Ah, Brazilian food.  Rice and beans, acai, seafood stew, barbecued meat, fresh coconut juice, and the dozens of crazy fruits I’d never seen or heard of before–all of these were glorious.  One of the greatest parts about traveling is getting to experience new foods and culinary traditions from around the world.  Brazil did not disappoint.  Here are some of the staples of the Brazilian food experience that I enjoyed the most, and may or may not have eaten or drank on a daily basis:

Acai na tigela: To call this a smoothie does not do it justice, but it’s the closest thing to it.  It’s blended acai fruit, with guarana syrup to sweeten it.  But it’s not a smoothie, because good acai has got to be thick–you can’t suck this stuff up with a straw. Gotta eat it with a spoon.  Preferably with banana slices and granola (without raisins).

Feijao: In Brazil I discovered that I actually like beans (feijao) a lot more than I thought, because the Brazilians make it much better than anywhere I’ve ever tried it.  I gotta say it: Mexican rice and beans don’t hold a candle to Brazilian feijao.

Coconuts! I’d never tried fresh coconut water before going to Brazil, but it may be the most refreshing liquid to have ever existed, especially while enjoyed on the beach.  Take a chilled whole green coconut, punch a hole in the top so you can drink the water inside with a straw.  The idea is so genius… so simple and so so good.  The coconut water is slightly sweet, but very natural tasting.  After you’ve finished the water inside, you can ask the vendor to cut open the coconut so you can scoop out and eat the inside, which tastes just like the water, except it’s a thin layer of jelly.  I can’t describe it well enough, so you’ll just have to try it for yourself one day!

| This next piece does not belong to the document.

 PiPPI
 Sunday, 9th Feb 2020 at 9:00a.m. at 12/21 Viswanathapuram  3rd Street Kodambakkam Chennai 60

Sucos (fruit juices): I read somewhere that Brazil is home to more fruits than any other country in the world.  Fruit is a very central part of the culture; there are sucos stands on every street corner that churn out the most delicious freshly squeezed fruit juices of all time (can you tell I am prone to hyperbole? except it’s not actually an exaggeration, because they’re really that good).  Acerola, graviola, goiaba, maracuja, capuacu, jaca, caju, mangaba, siriguela… just a sampling of the dozens of fruits that you can choose from to get a delicious and nutritious fruit juice, and all of these are fruits that you definitely can’t find in the U.S.  Brazilians love fruit so much, they even blend it into their alcoholic drinks!  You can get any of the above fruits mixed in with your caipirinha or caipiroska as well.

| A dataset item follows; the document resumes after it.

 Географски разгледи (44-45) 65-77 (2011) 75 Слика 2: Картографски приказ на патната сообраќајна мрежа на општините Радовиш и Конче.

Churrasco. Brazilians do a damn fine job of grilling meat.  I admit I didn’t eat that much meat while on my trip because I’d been all meated out from Argentina (er… that’s awkward. Also Deniz, that was basically for you… since you love all things “meat” so much HA). But, the few times I ordered grilled chicken or grilled beef it was seriously tasty.  And combined with some feijao with thick-cut bacon bits in it?  Yea, you do the math. DELISH.


3 thoughts on “Brazilian Food: Feijao, Acai, Churrasco, Oh My!

  1. We just left Brazil and as we are vegetarian we didn’t eat that well – lots of pizza, and salad from ‘por kilo’ restaurants. We did LOVE the fruit juices though, especially acai. Mmmm…

    1. Are you purely vegetarian, or pescetarian? I would think eating vegetarian abroad is pretty difficult in general, but in Brazil I thought there was plenty of both veggie and pescetarian options… then again, I’m a total omnivore, so I wouldn’t know how difficult it would be to stick to that diet!